Re: [PATCH v12 4/7] s390/pci: Store PCI error information for passthrough devices

From: Farhan Ali

Date: Tue Mar 31 2026 - 15:25:44 EST


Hey Matt,

On 3/31/2026 10:41 AM, Matthew Rosato wrote:
On 3/30/26 1:40 PM, Farhan Ali wrote:
For a passthrough device we need co-operation from user space to recover
the device. This would require to bubble up any error information to user
space. Let's store this error information for passthrough devices, so it
can be retrieved later.

We can now have userspace drivers (vfio-pci based) on s390x. The userspace
drivers will not have any KVM fd and so no kzdev associated with them. So
we need to update the logic for detecting passthrough devices to not depend
on struct kvm_zdev.

Signed-off-by: Farhan Ali <alifm@xxxxxxxxxxxxx>
Reviewed-by: Matthew Rosato <mjrosato@xxxxxxxxxxxxx>

Thanks for reviewing!


But a suggestion below:

---
arch/s390/include/asm/pci.h | 30 ++++++++
arch/s390/pci/pci.c | 1 +
arch/s390/pci/pci_event.c | 113 ++++++++++++++++++-------------
drivers/vfio/pci/vfio_pci_zdev.c | 9 ++-
4 files changed, 105 insertions(+), 48 deletions(-)

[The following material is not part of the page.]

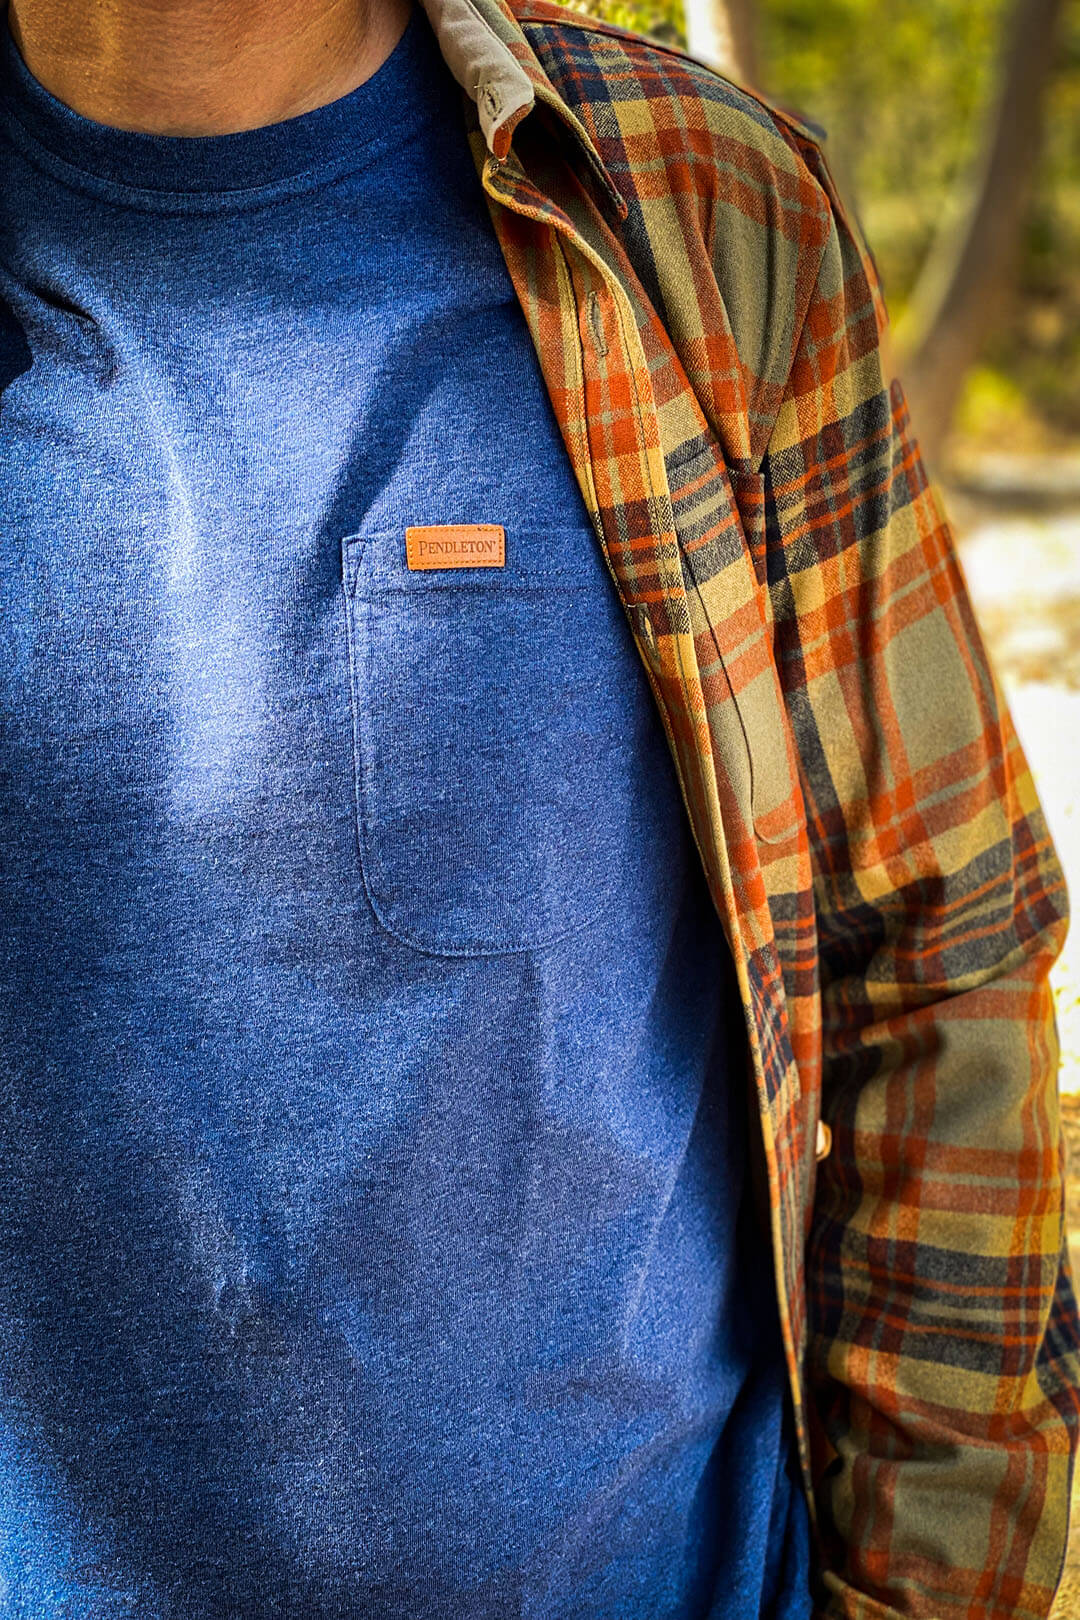 Man wearing Pendleton Deschutes Pocket Tee in a heather navy blue with outer layered button up Pendleton long sleeve yellow orange and blue shirt

diff --git a/arch/s390/include/asm/pci.h b/arch/s390/include/asm/pci.h
index c0ff19dab580..7fb9a80b0175 100644
--- a/arch/s390/include/asm/pci.h
+++ b/arch/s390/include/asm/pci.h
@@ -118,6 +118,31 @@ struct zpci_bus {
enum pci_bus_speed max_bus_speed;
};
+/* Content Code Description for PCI Function Error */
+struct zpci_ccdf_err {
+ u32 reserved1;
+ u32 fh; /* function handle */
+ u32 fid; /* function id */
+ u32 ett : 4; /* expected table type */
+ u32 mvn : 12; /* MSI vector number */
+ u32 dmaas : 8; /* DMA address space */
+ u32 reserved2 : 6;
+ u32 q : 1; /* event qualifier */
+ u32 rw : 1; /* read/write */
+ u64 faddr; /* failing address */
+ u32 reserved3;
+ u16 reserved4;
+ u16 pec; /* PCI event code */
+} __packed;
+
+#define ZPCI_ERR_PENDING_MAX 4
+struct zpci_ccdf_pending {
+ u8 count;
+ u8 head;
+ u8 tail;
+ struct zpci_ccdf_err err[ZPCI_ERR_PENDING_MAX];
+};
+
/* Private data per function */
struct zpci_dev {
struct zpci_bus *zbus;
@@ -171,6 +196,7 @@ struct zpci_dev {
char res_name[16];
bool mio_capable;
+ bool mediated_recovery;
struct zpci_bar_struct bars[PCI_STD_NUM_BARS];
u64 start_dma; /* Start of available DMA addresses */
@@ -192,6 +218,8 @@ struct zpci_dev {
struct iommu_domain *s390_domain; /* attached IOMMU domain */
struct kvm_zdev *kzdev;
struct mutex kzdev_lock;
+ struct zpci_ccdf_pending pending_errs;
+ struct mutex pending_errs_lock;
This mutex now protects the pending_errs struct (obvious) as well as the
mediated_recovery bool (not obvious). Add a comment here and/or as a
block before the needs/start/stop functions?

I can add a comment here. I was in two minds about renaming the lock, but at the end decided against to keep the diff minimum for the patches.



Actually.. Could mediated_recovery just be part of the
zpci_ccdf_pending stucture? AFAICT the bit basically controls whether
or not the zpci_ccdf_pending structure is used / has meaning. You even
turn the bit off at the same time you memset(&zdev->pending_errs, 0) in
zpci_stop_mediated_recovery() -- though an explicit setting of
mediated_devices = false would still be nice for code clarity.

Then the spinlock continues to protect only this structure.

You are right, the mediated_recovery flag drives the use of the zpci_ccdf_pending struct. IMHO keeping the flag helped me with code clarity and keeping the struct simple and not be tied with the flag. But if you (or anyone) feels strongly about it then I can add the flag to the zpci_ccdf_pending struct.

Thanks

Farhan